# Task to complete
Please reproduce all of the listing below exactly and drop its images.

# Data shown
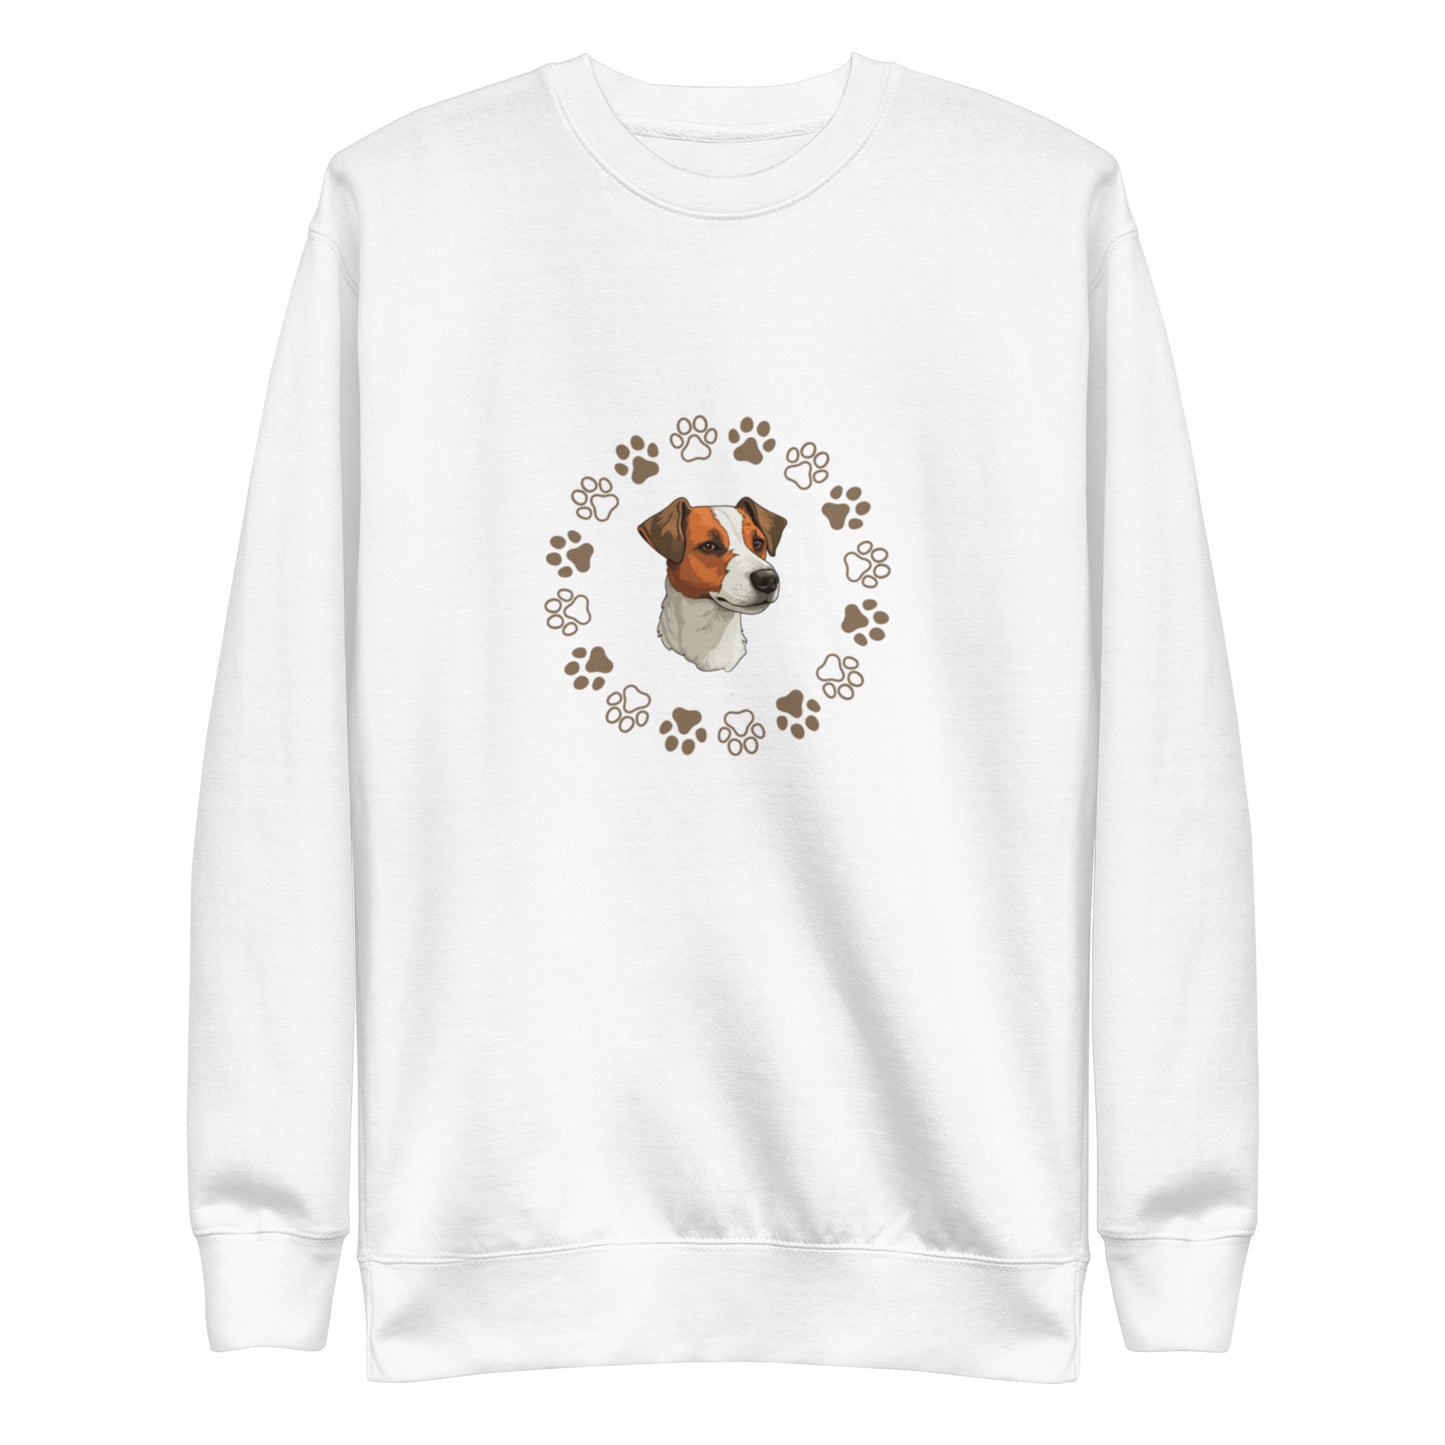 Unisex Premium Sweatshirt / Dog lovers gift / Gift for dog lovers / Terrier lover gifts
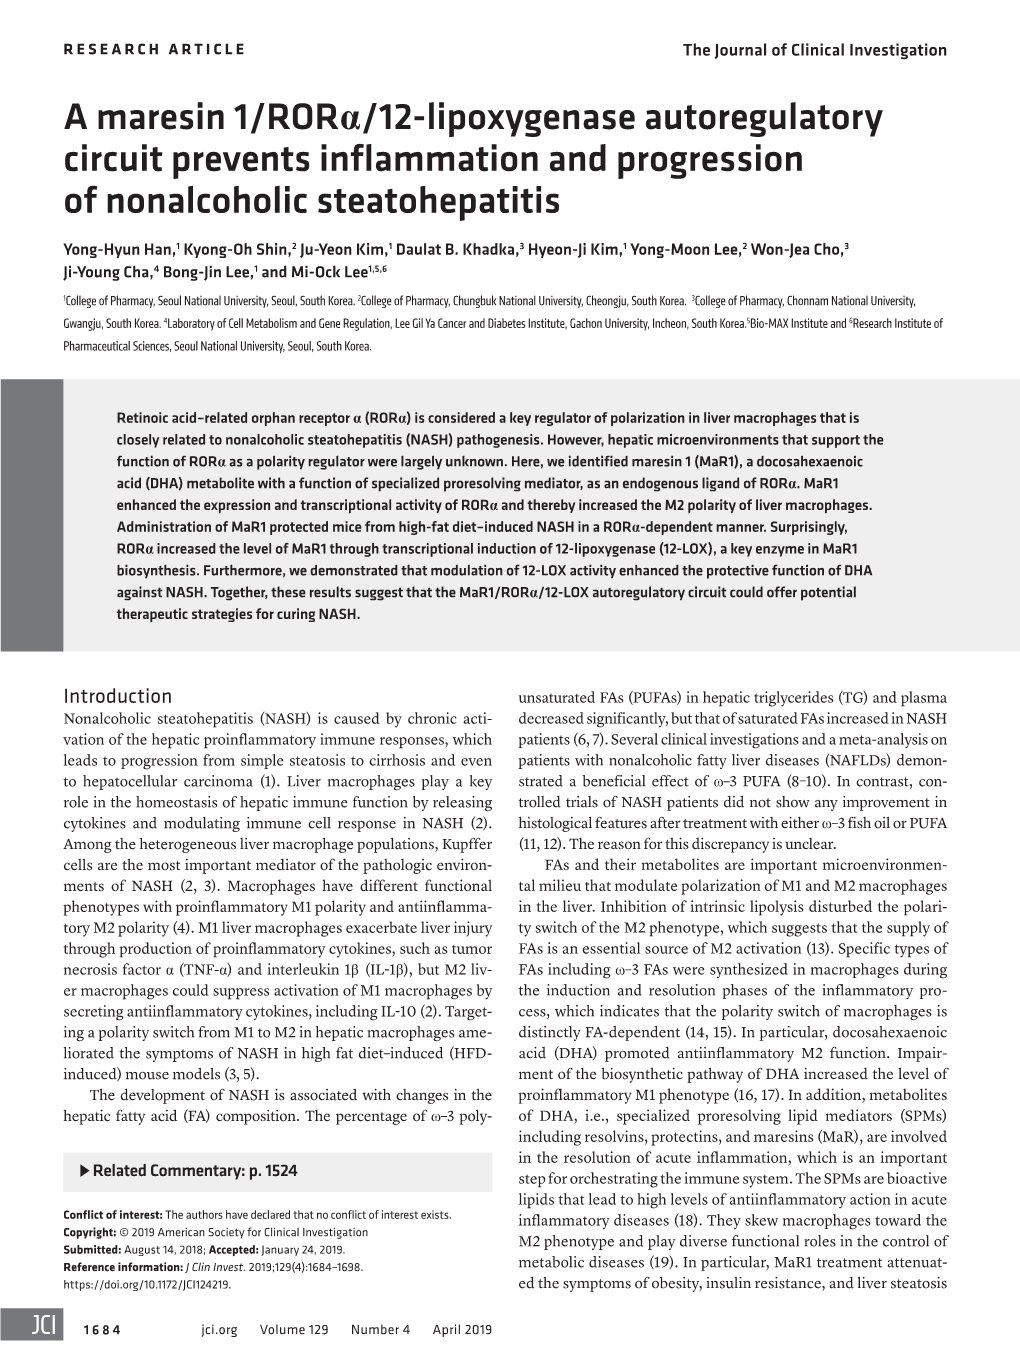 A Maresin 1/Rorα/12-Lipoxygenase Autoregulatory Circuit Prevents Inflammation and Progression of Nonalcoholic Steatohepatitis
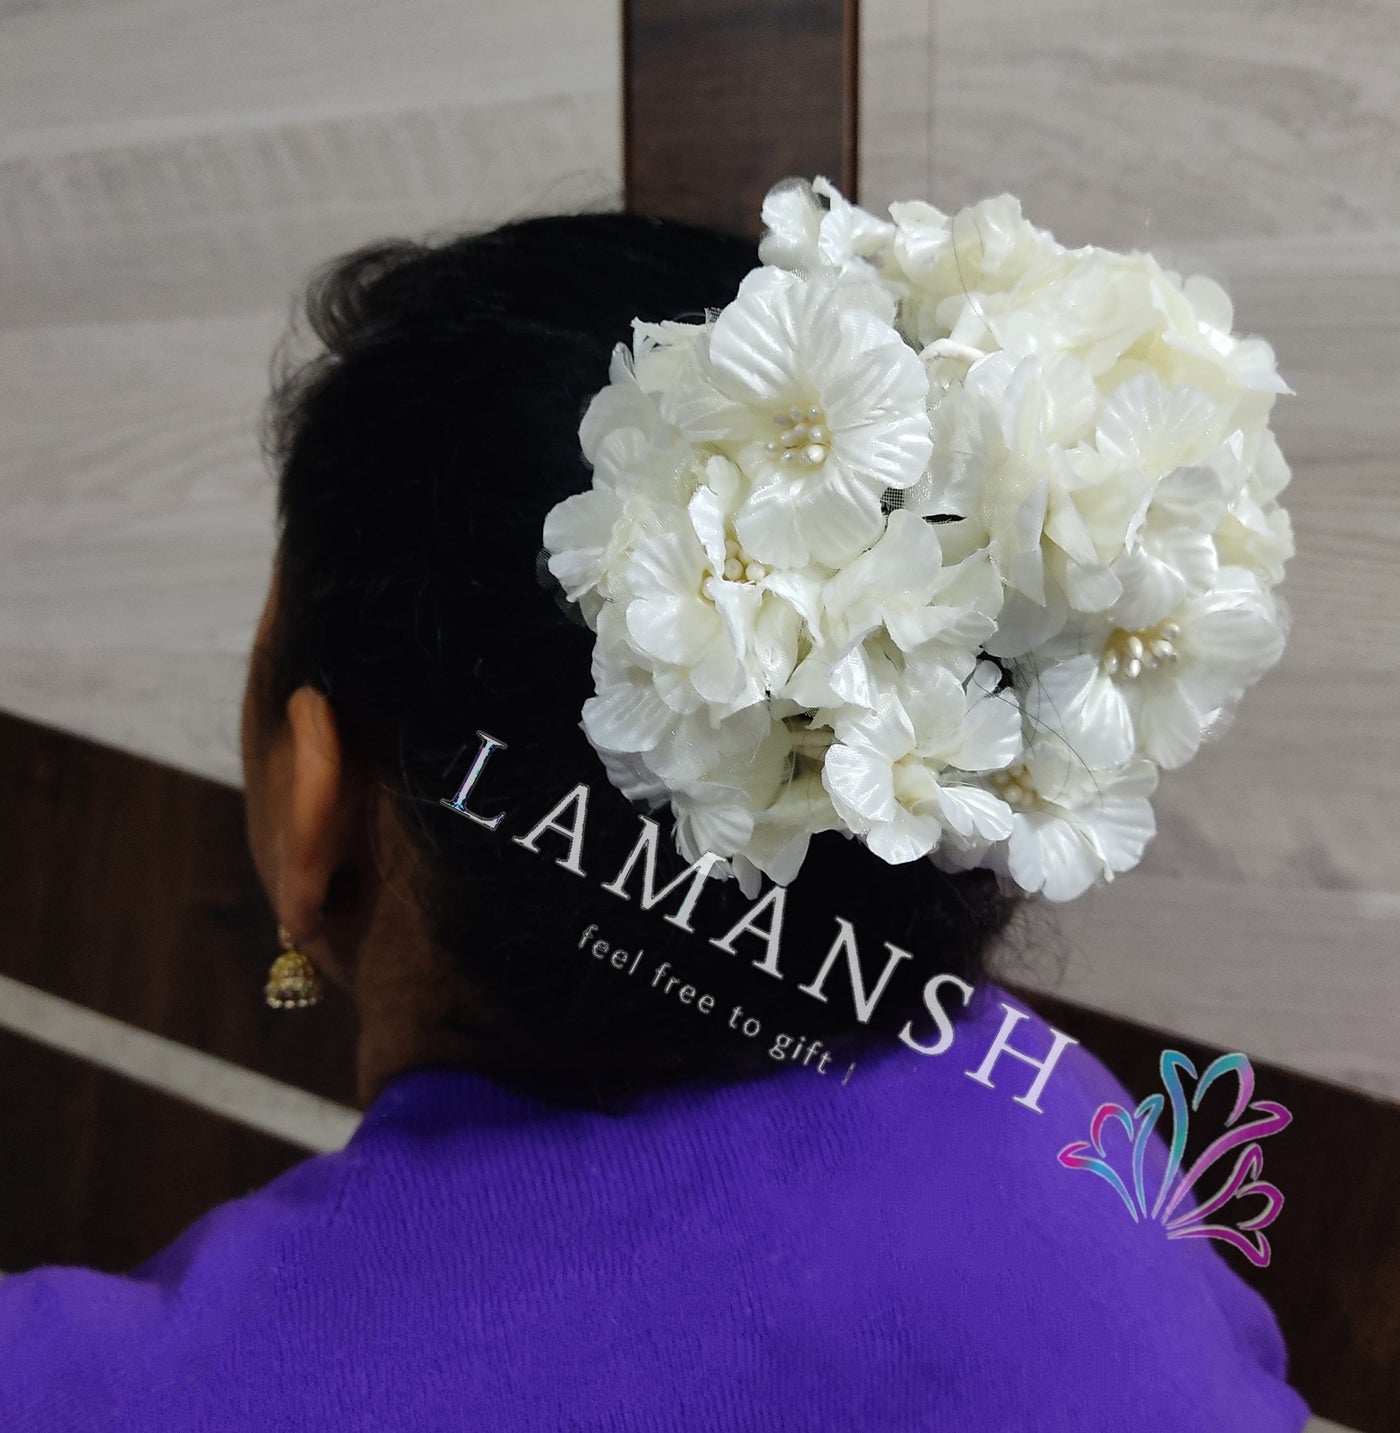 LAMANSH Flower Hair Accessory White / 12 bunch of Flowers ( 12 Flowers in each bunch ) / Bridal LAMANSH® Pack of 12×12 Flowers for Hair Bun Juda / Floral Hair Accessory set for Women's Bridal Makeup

# Exercise response
 Unisex Premium Sweatshirt / Dog lovers gift / Gift for dog lovers / Terrier lover gifts
 A Maresin 1/Rorα/12-Lipoxygenase Autoregulatory Circuit Prevents Inflammation and Progression of Nonalcoholic Steatohepatitis
 LAMANSH Flower Hair Accessory White / 12 bunch of Flowers ( 12 Flowers in each bunch ) / Bridal LAMANSH® Pack of 12×12 Flowers for Hair Bun Juda / Floral Hair Accessory set for Women's Bridal Makeup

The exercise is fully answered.